Depuis le début de l’année 2026, l’intervention humanitaire dans la bande de Gaza et en Cisjordanie occupée se heurte à un durcissement administratif drastique imposé par les autorités israéliennes. Alors que plusieurs organisations ont vu leurs licences révoquées le 1er janvier pour non-respect de nouveaux « standards de sécurité », l’une des plus importantes ONG médicales au monde s’est trouvée face à un ultimatum. Pour maintenir sa présence auprès des populations civiles, Médecins Sans Frontières (MSF) a dû trancher ce qu’elle qualifie elle-même de « choix impossible ».
L’organisation médicale a confirmé, selon des informations relayées par Al Jazeera, qu’elle allait désormais transmettre aux autorités israéliennes des informations personnelles concernant son personnel palestinien et international.
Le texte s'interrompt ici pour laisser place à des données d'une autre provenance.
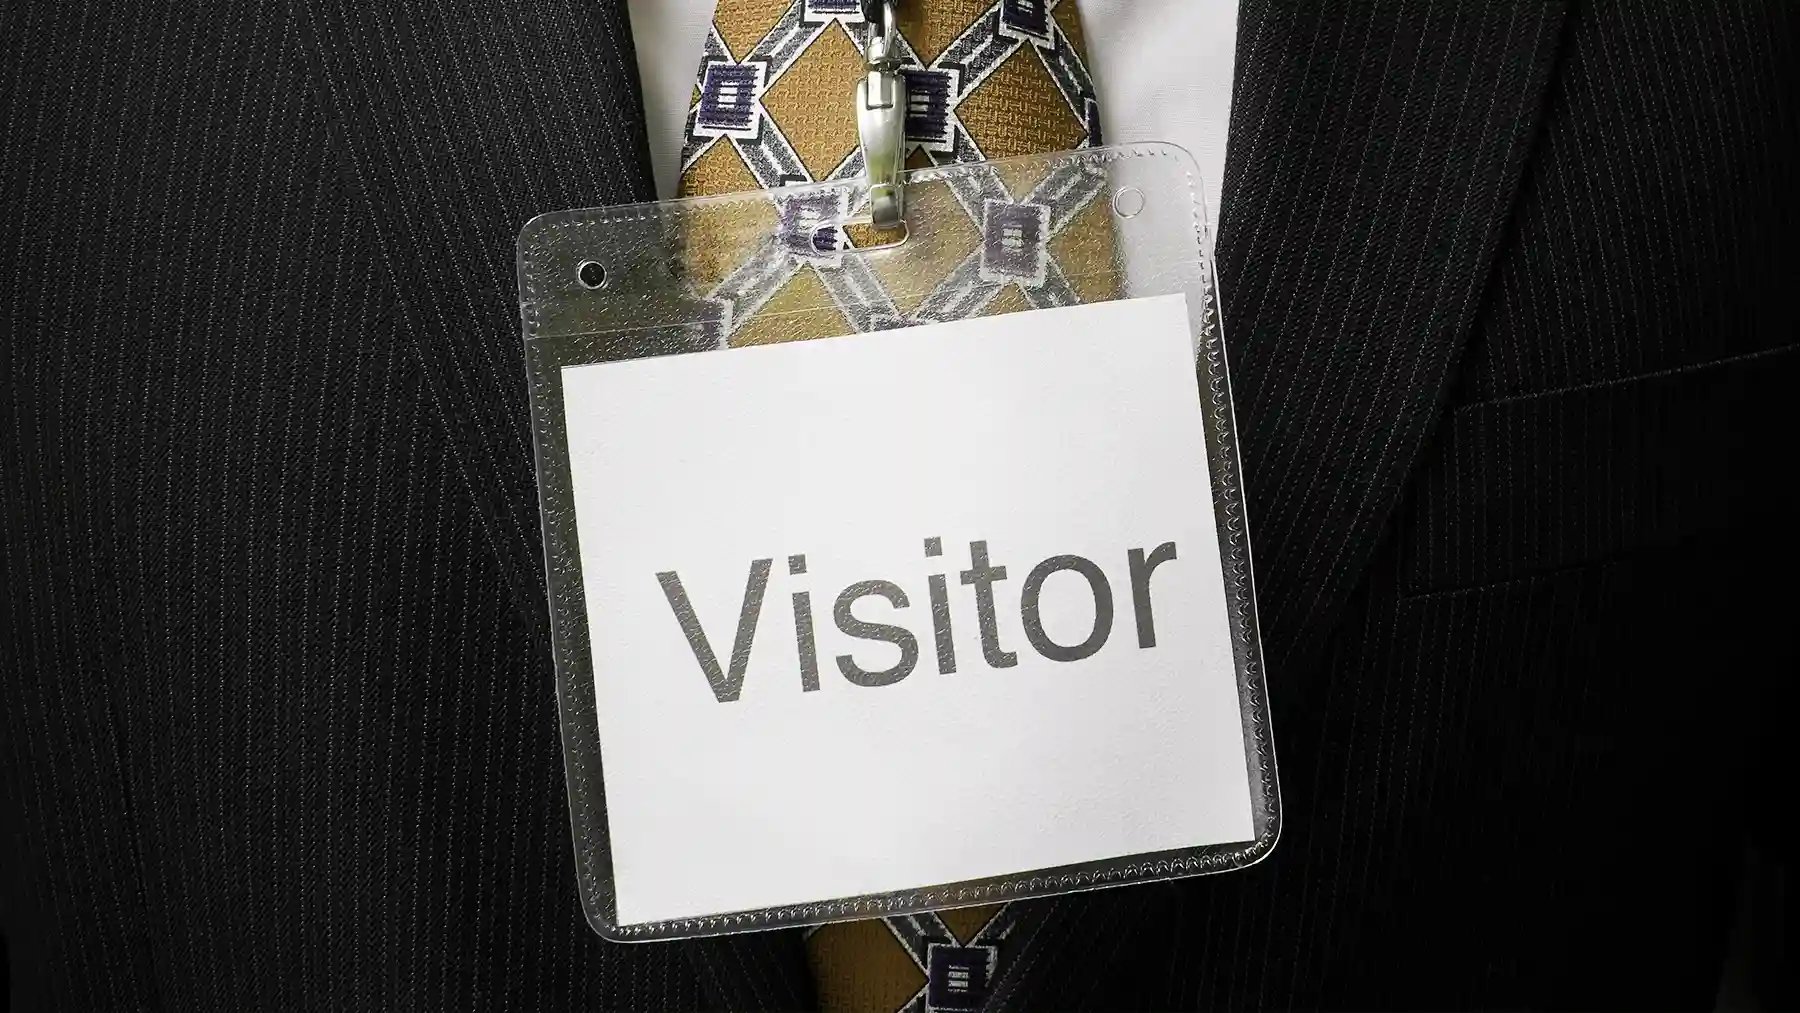 Visitor Passes

Cette décision intervient après qu’Israël a retiré les licences de 37 groupes d’aide, dont MSF, le Conseil norvégien pour les réfugiés et Oxfam, bloquant de fait l’arrivée de personnel international et de matériel médical depuis plusieurs semaines.
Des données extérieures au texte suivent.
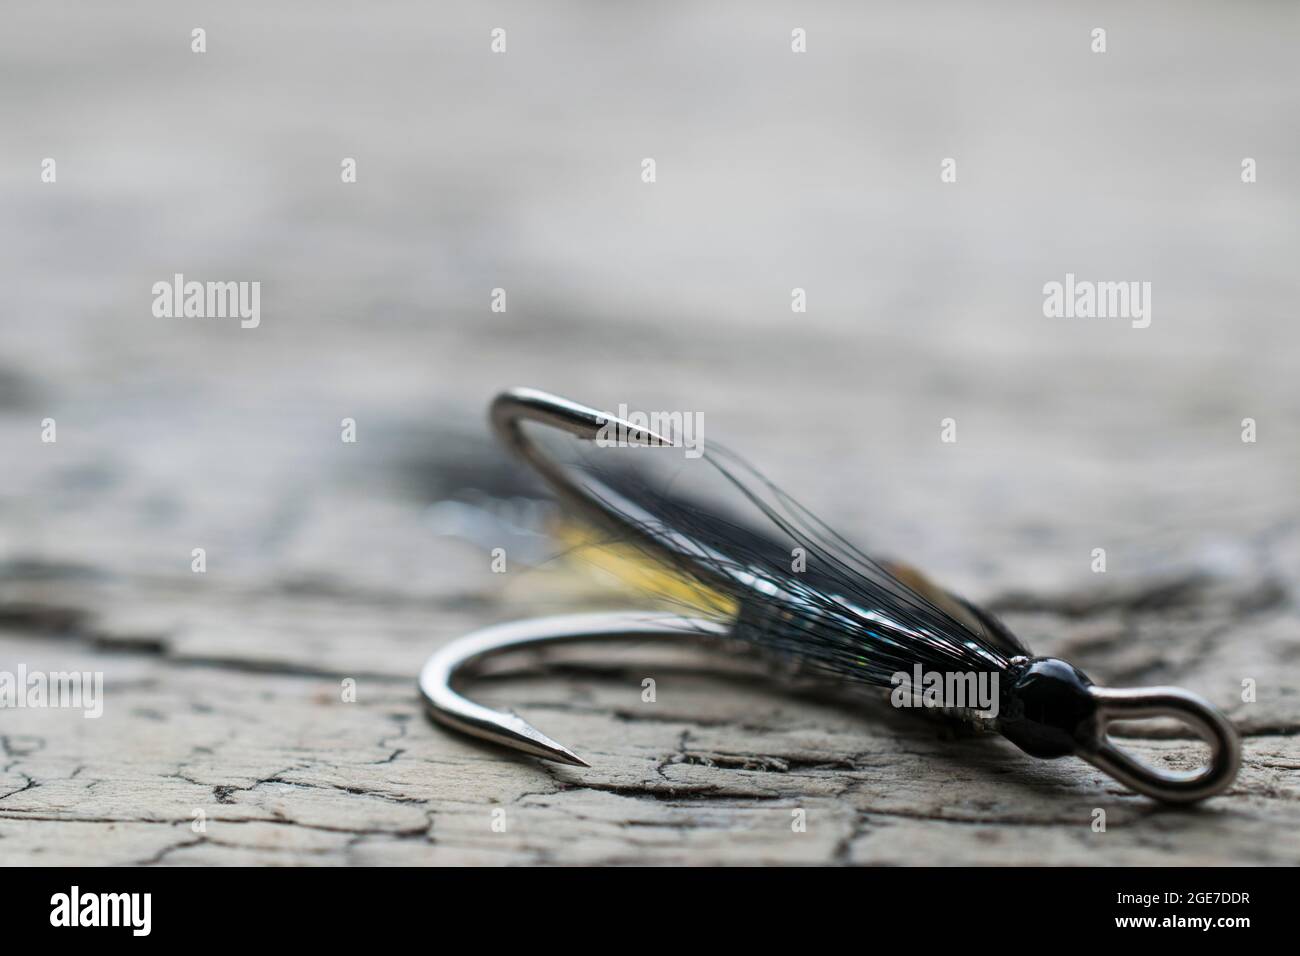 Shiny salmon fishing fly with yellow flash on a wood surface Stock Photo

**La nature des données exigées**
Le cœur du dossier réside dans le niveau de détail des informations réclamées par le ministère israélien des Affaires de la diaspora. Pour continuer à opérer, MSF a accepté de fournir non seulement les passeports et les CV de ses employés, mais également les noms des membres de leurs familles, y compris ceux de leurs enfants.
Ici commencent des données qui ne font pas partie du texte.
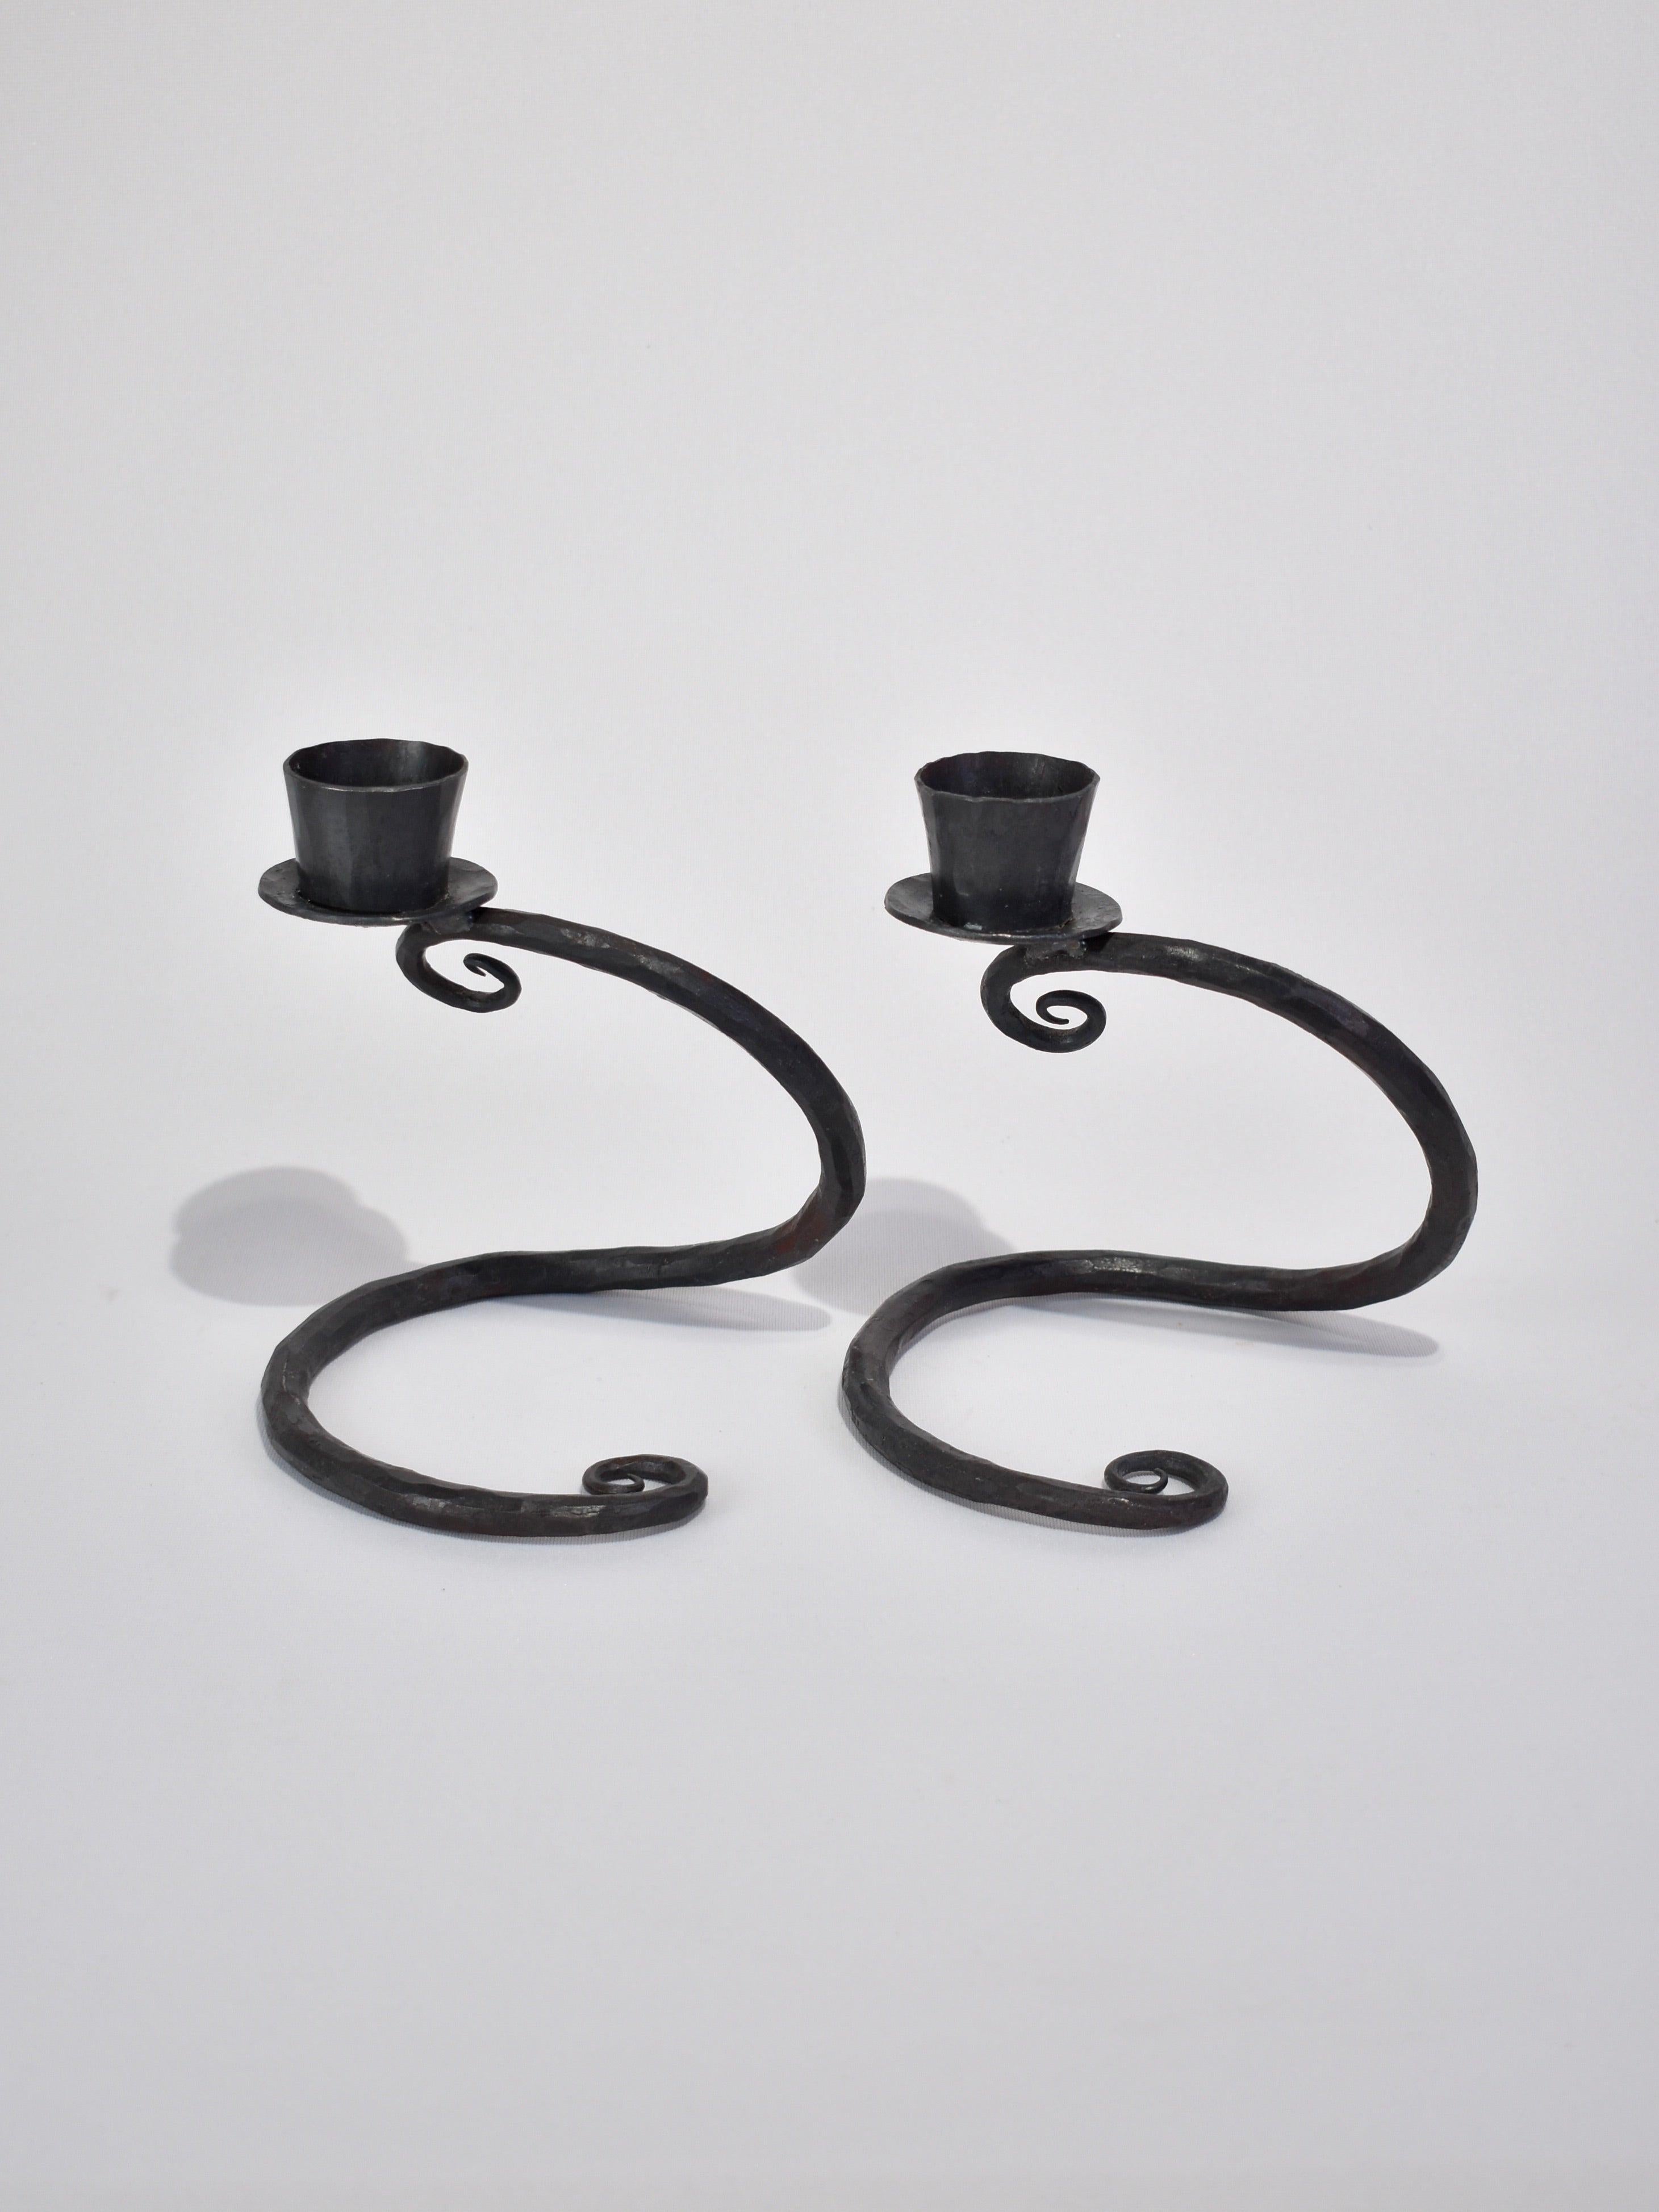 Hand-forged vintage iron candleholders with spiral detail, set of two.

L’organisation précise qu’il s’agit d’une « mesure exceptionnelle » et qu’elle est prête à partager une « liste définie » de noms, soumise à des paramètres clairs plaçant la sécurité du personnel au centre du processus. MSF assure que ses employés palestiniens ont donné leur accord après des discussions approfondies, dans l’espoir que cette transparence forcée permette la reprise des opérations vitales.
**Inquiétudes sur la sécurité du personnel**
Cette concession suscite de vives réactions au sein de la communauté médicale et humanitaire. Les critiques soulignent le danger potentiel de livrer de telles données à une armée accusée d’avoir tué plus de 1 700 travailleurs de la santé durant le conflit, dont 15 employés de MSF. Israël affirme de son côté vouloir écarter les organisations soupçonnées de soutenir des « groupes armés », bien qu’aucune preuve n’ait été fournie concernant des liens entre le personnel de MSF et des combattants palestiniens.
Le chirurgien britannique Ghassan Abu Sittah, habitué des missions à Gaza, a dénoncé une « faillite morale », estimant que le consentement du personnel palestinien ne peut être libre en période de génocide. De son côté, Hanna Kienzler, professeure au King’s College de Londres, s’est interrogée sur la protection des employés locaux, craignant qu’ils ne soient traités comme de la « chair à canon » pour permettre le maintien de la mission.
Actuellement, Israël affirme que 23 organisations se sont pliées à ces nouvelles règles d’enregistrement, tandis que d’autres évaluent encore la situation. Sur le terrain, les besoins restent immenses : malgré les promesses d’autoriser 600 camions d’aide par jour, les acteurs locaux rapportent qu’à peine 200 véhicules franchissent réellement les points de contrôle.